The Good Life – The Lifelong Journey

“In the new information society, where the only constant is change, we can no longer expect to get an education and be done with it. There is no one education, no one skill that lasts a lifetime now. Like it or not, the information society has turned us all into lifelong learners.”

This quote is from John Naisbitt’s book Megatrends (1988), written a little over twenty years ago. Doubtless, nobody is more aware of this fact than the students of Athabasca University, who (according to statistics provided to me by one of my tutors) are approximately sixty-five percent female and mostly in their thirties. What this means, for many of us, is that we are expanding our minds and our horizons in the full swing of life. We are reading about the parts of the human cell whilst holding children on our laps. We are cramming for a linear algebra exam in between board meetings. We are making notations for an essay on the medieval witch hunts after our children have finally fallen asleep in bed. The cue cards we wrote up for Educational Psychology 389 have peanut butter residue on them. In short, we are lifelong learners.
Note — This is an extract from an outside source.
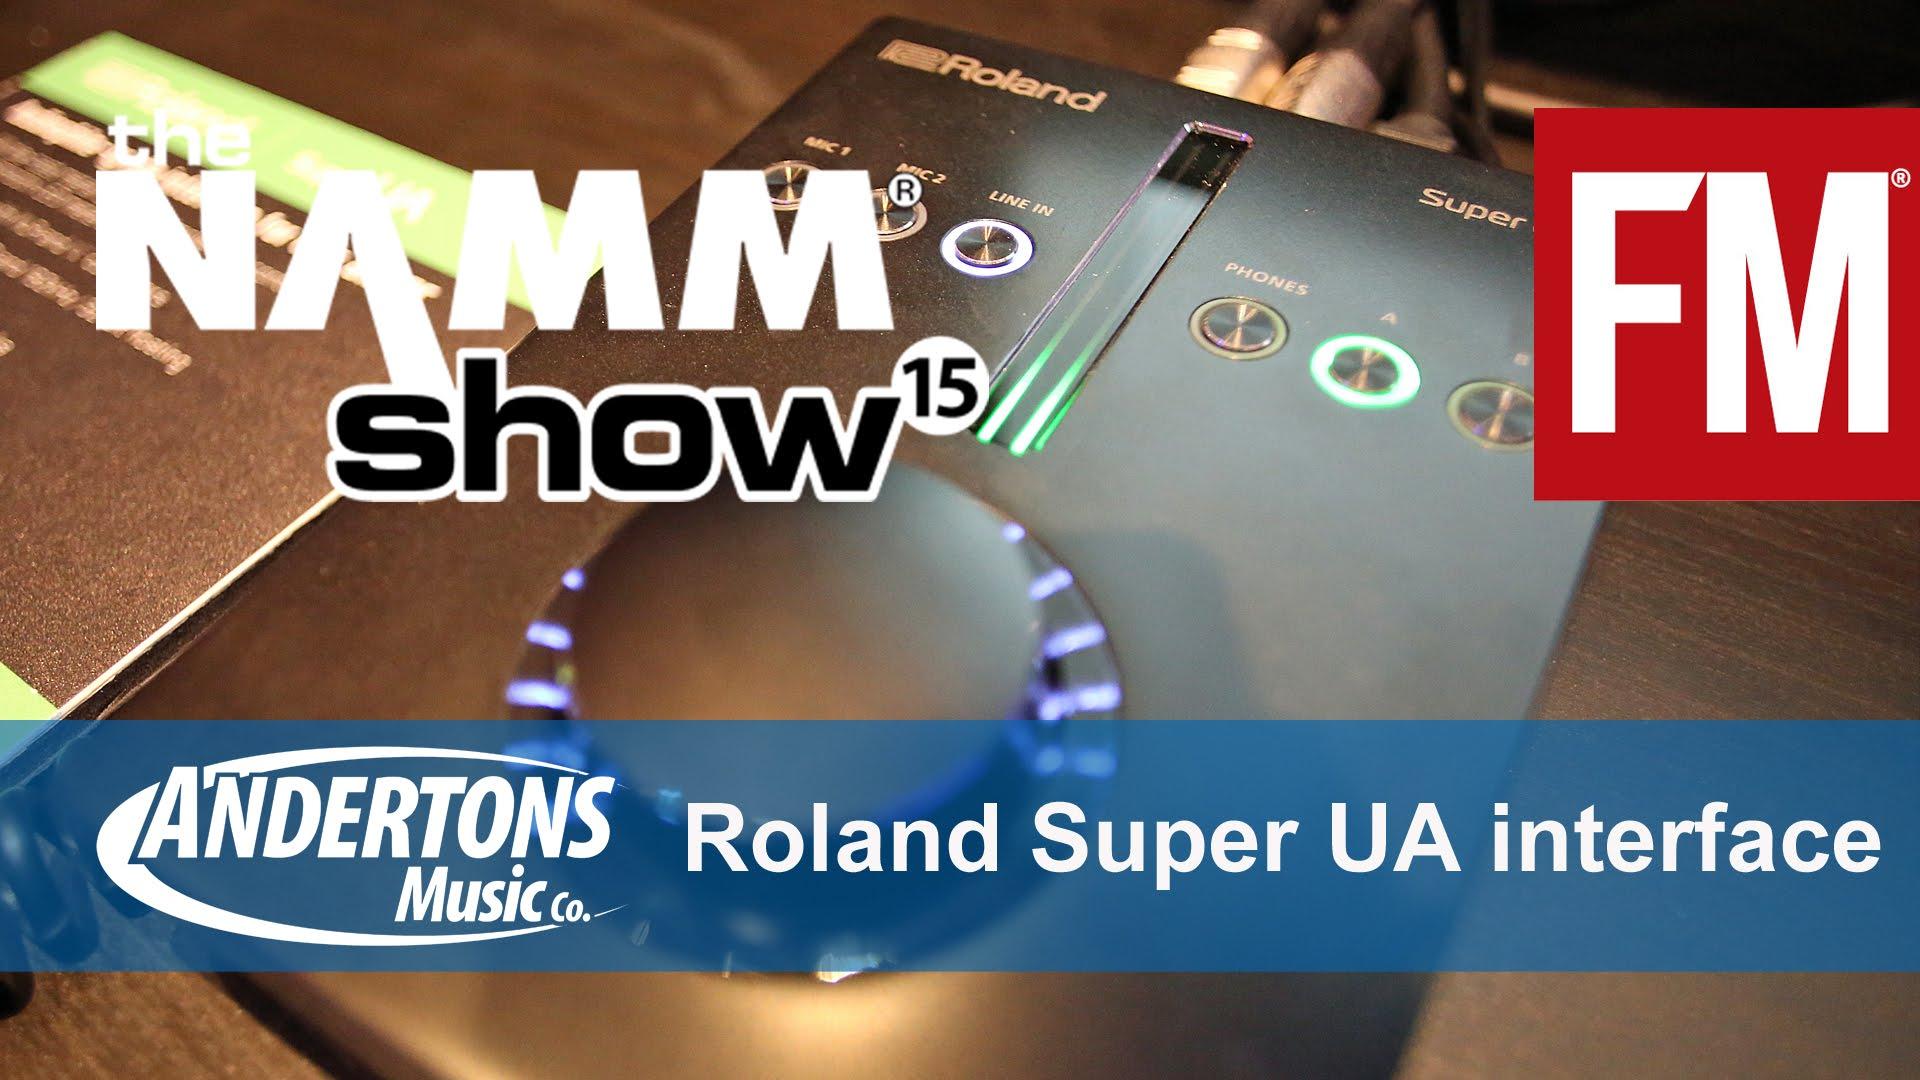 NAMM 2015 – Roland Super UA Audio Interface – YouTube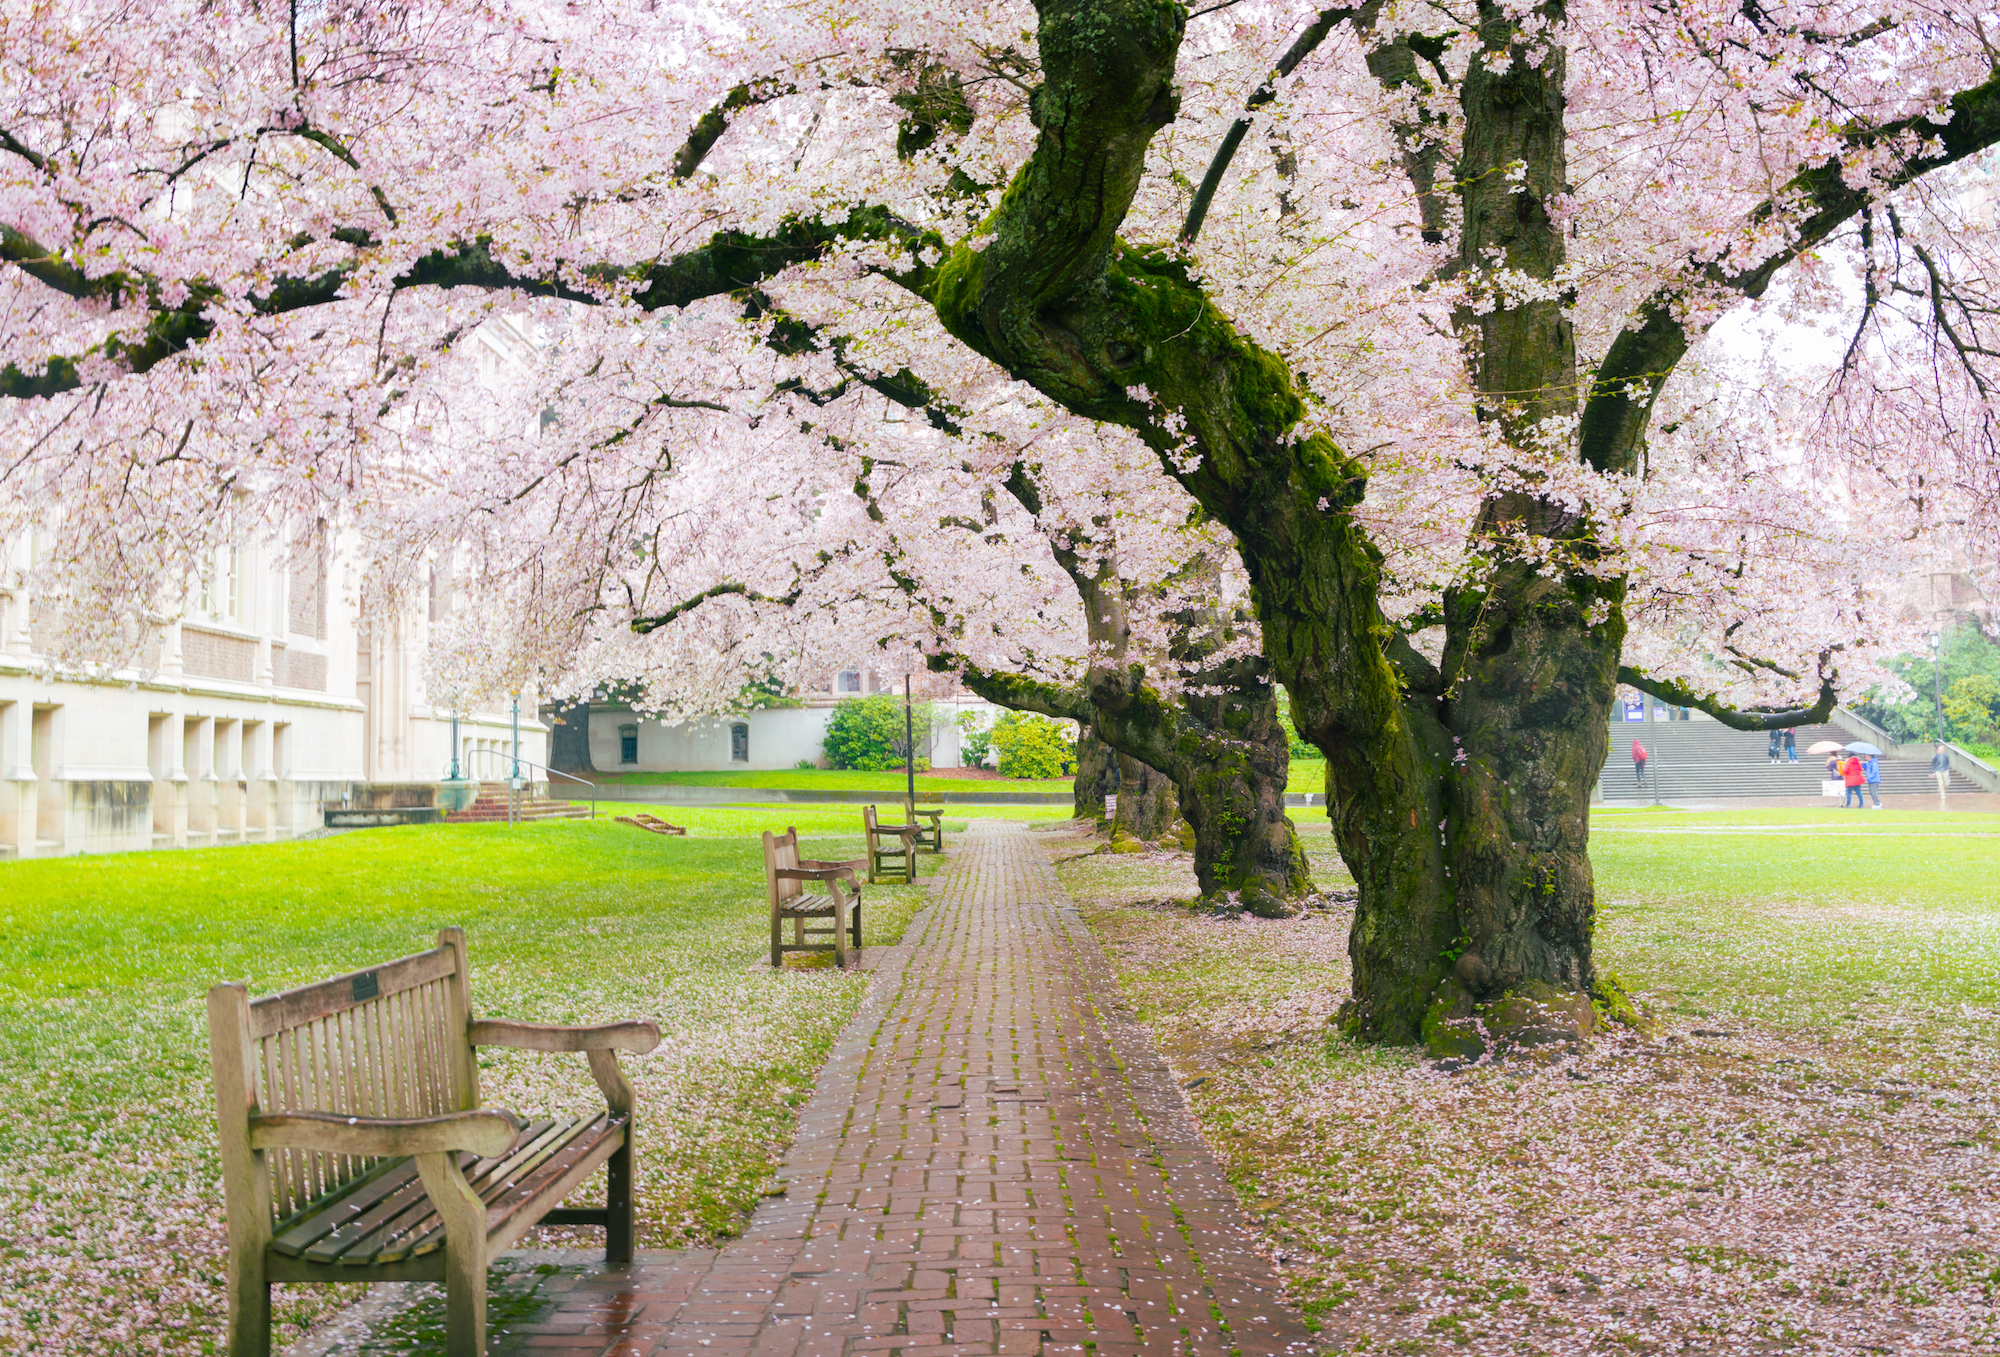 Seattle cherry blossoms, University of Washington

Why do we do it? At a point in life when so many people feel that it is too late to “go back to school,” why do we challenge ourselves in this way? Obviously, there are many reasons. Like students of any age, many of us want to expand our career options. Perhaps we want to change careers altogether. We see higher education as a means to an end, as a way to achieve a better future for ourselves and our families.

For myself, I want to one day move on from my business career and become a counselling psychologist. I enjoy working and being busy too much to even contemplate the terrible prospect of retiring and sitting on the sidelines of life. I want to be working and learning until the day I die, rather than being shuffled off into some enforced retirement.

But it’s not just about career options and other such practical things. It’s also about the sheer joy of learning itself. Starting each new course, for me, is a bit like setting out on a journey to a place I’ve never been before. There is an element of mystery, a feeling that I want to see what is just over that next hill or around that next corner. And the more I learn, the more I realize how little I know. It’s a humbling experience. But with each new difficulty I face, each new challenge I meet and conquer, I learn as much about myself as the subject I’m studying.

Learning is indeed a lifelong journey, and I’m enjoying every mile of the ride.

Reference

Naisbitt, J. (1988). Megatrends: Ten New Directions Transforming Our Lives. Warner Books.